On Valentine's Day, Wyoming and Colorado State will square off in the latest chapter of their basketball "border war."  According to a CSU historian, drunk and unruly Wyoming fans are responsible for the longstanding hostility between the two universities.

It all started on Thanksgiving Day, 1899, when the Colorado Agricultural College Aggies and Wyoming played their first football game in Laramie.

In those days, there were two referees; one representing each team.

Several Fort Collins newspapers reported that belligerent Wyoming fans verbally abused and even threatened to kill the Aggies' appointed referee Edward House.

The controversy escalated in the final minutes when House called a penalty against Wyoming. Wyoming's appointed referee E.D. McArthur overruled the call and the two officials began to argue.

As House and McArther continued to quarrel, a mob of angry fans stormed onto the field and, allegedly, struck an Aggies player in the head with a cane.

Eventually, the game was called off, with both sides declaring victory.

Following the game, the newly named "Border War" escalated in the press.
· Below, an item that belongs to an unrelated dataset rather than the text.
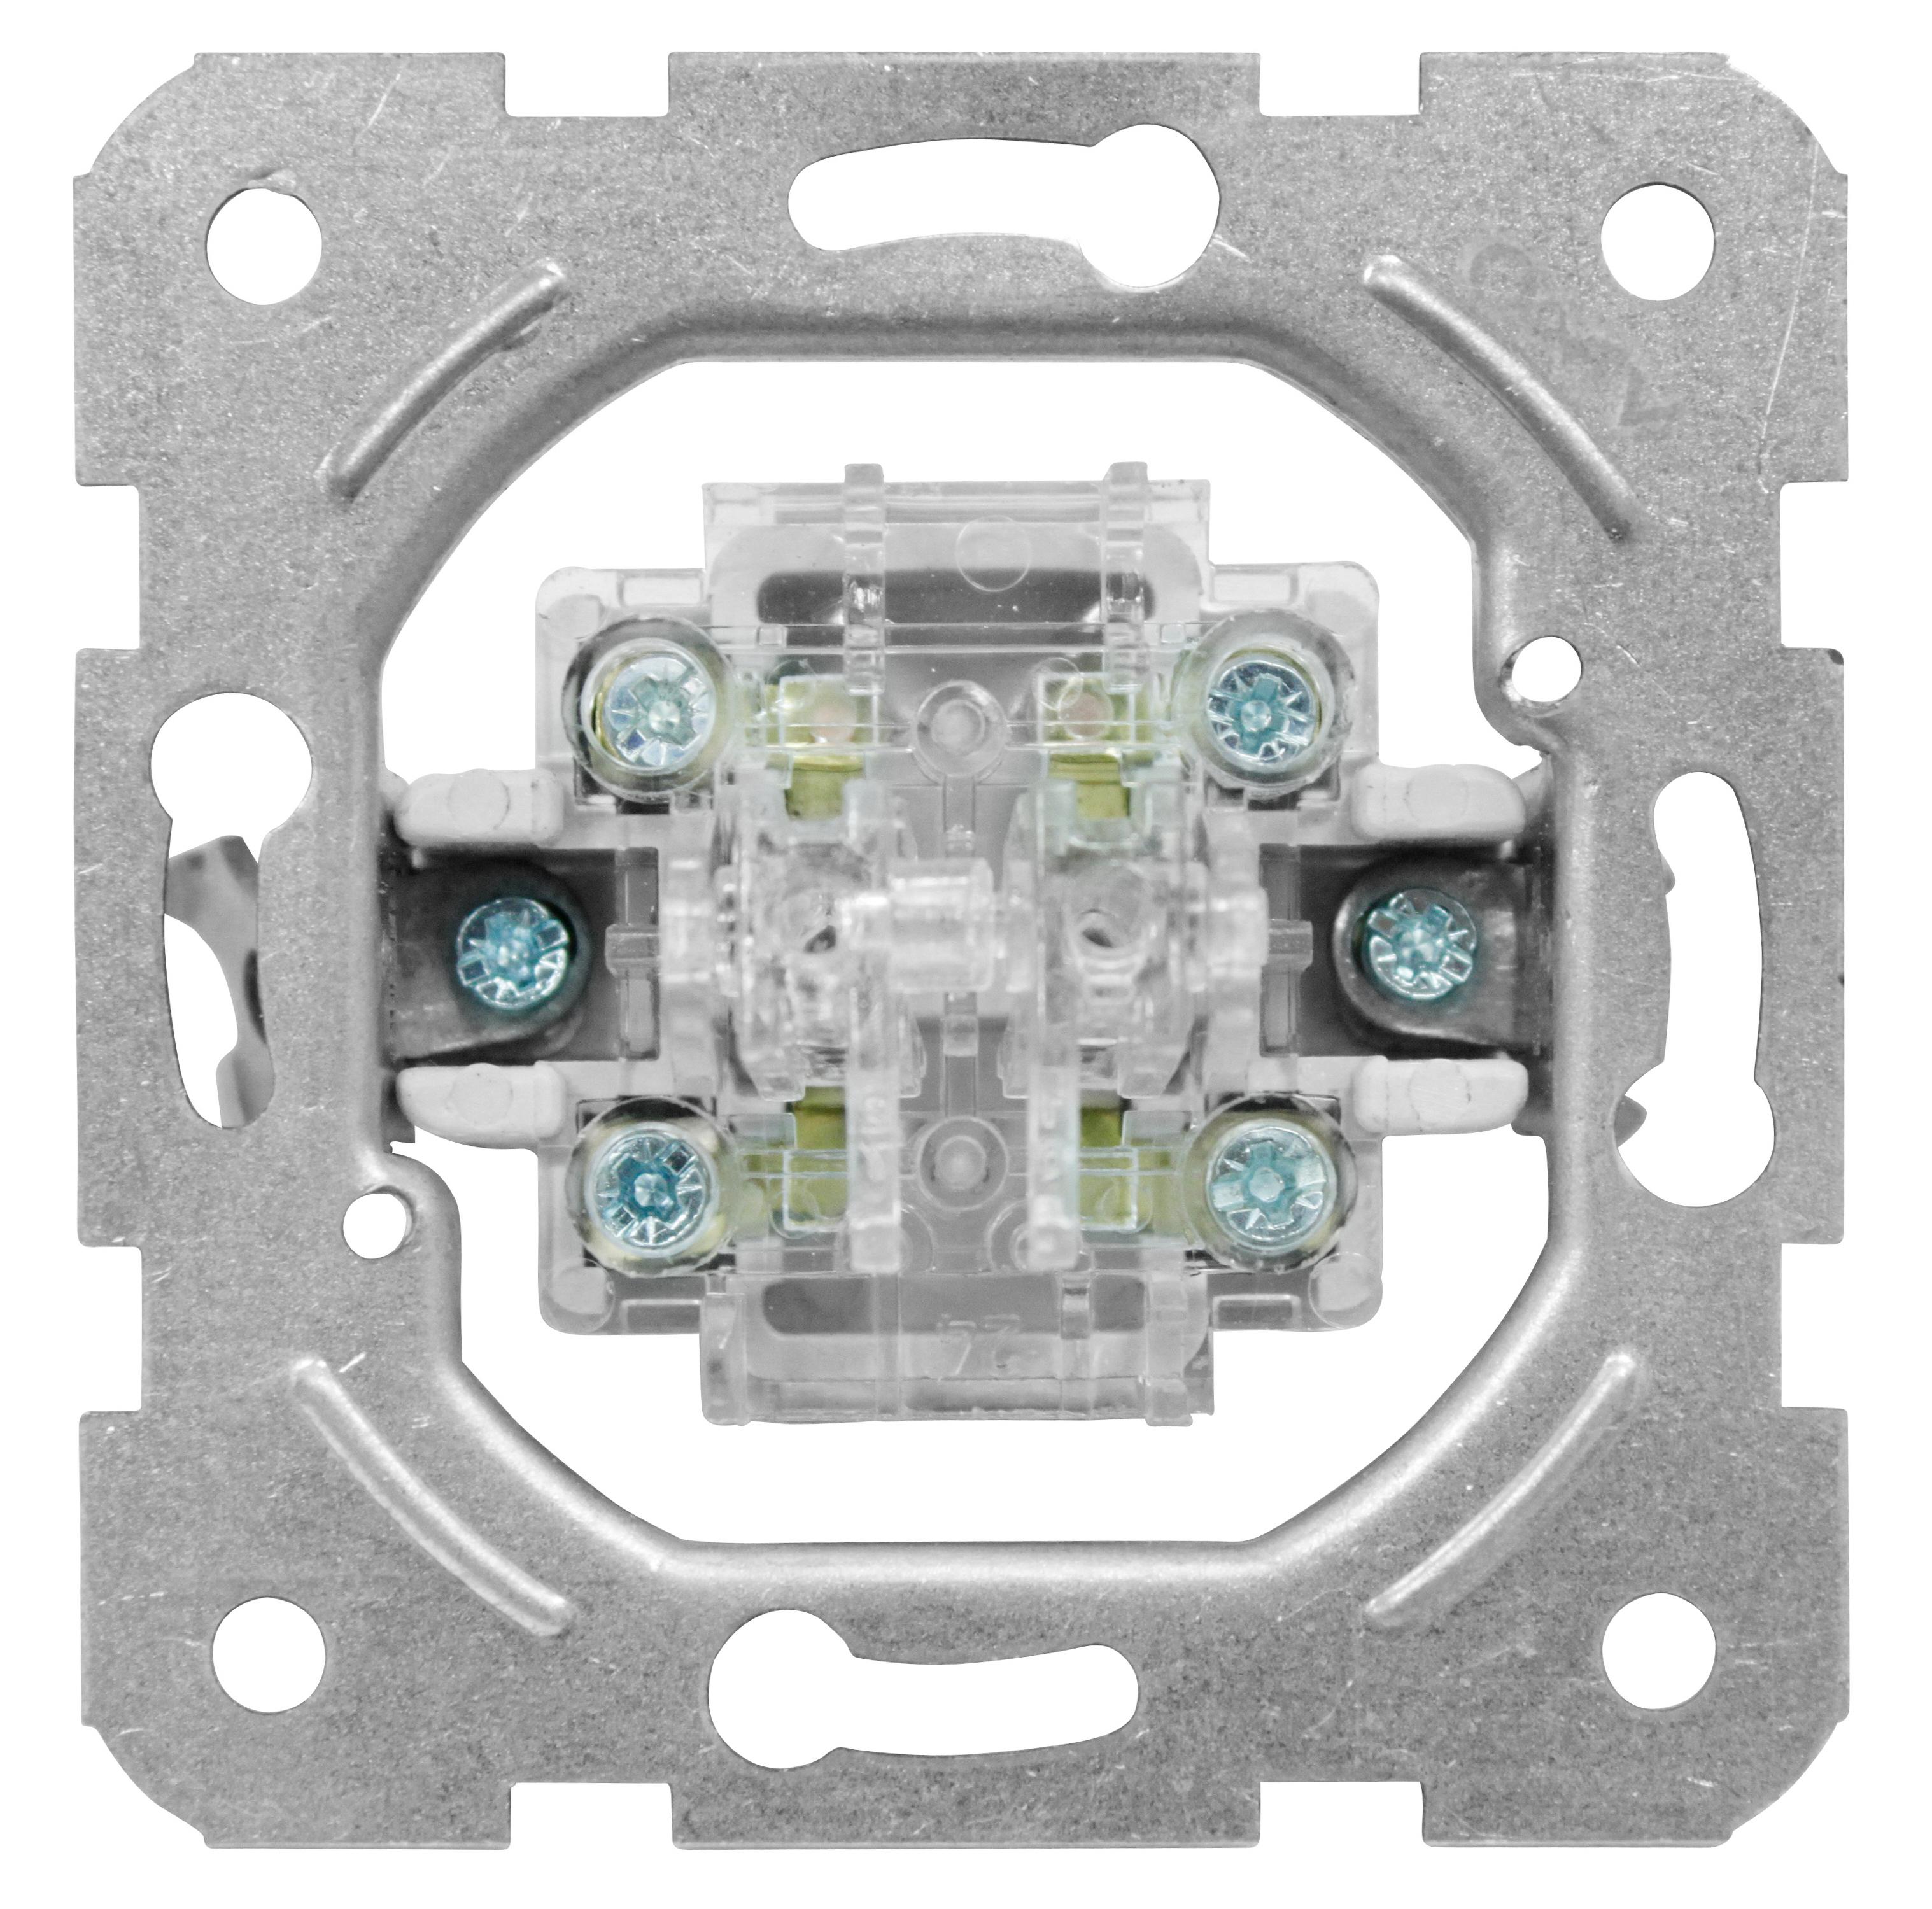 1 Stk Doppelwechselschalter-Einsatz, Schraubklemmen EV100014--

After The Laramie Republic newspaper took Wyoming's side in an editorial, Colorado Agricultural College President Barton Aylesworth insisted that the two schools would not play again until he received a public apology from Unversity of Wyoming President Elmer Smiley.

To this day, Colorado State does not officially recognize the game. Meanwhile, it's listed as a victory in the Wyoming record books.

Colorado State isn't the only school to accuse Wyoming fans of crossing the line. For years, opponents have complained about vulgarity and drunkenness during football games at War Memorial Stadium.

Wyoming fans have also been criticized for their behavior towards former conference rival Brigham Young University, especially during basketball games at the old War Memorial Fieldhouse.

As recently as 2013, Wyoming basketball fans were admonished for deriding Colorado State head coach Larry Eustachy with chants of "Alcoholic". Prior to joining CSU, Eustachy had been fired from Iowa State after he was seen drinking with students.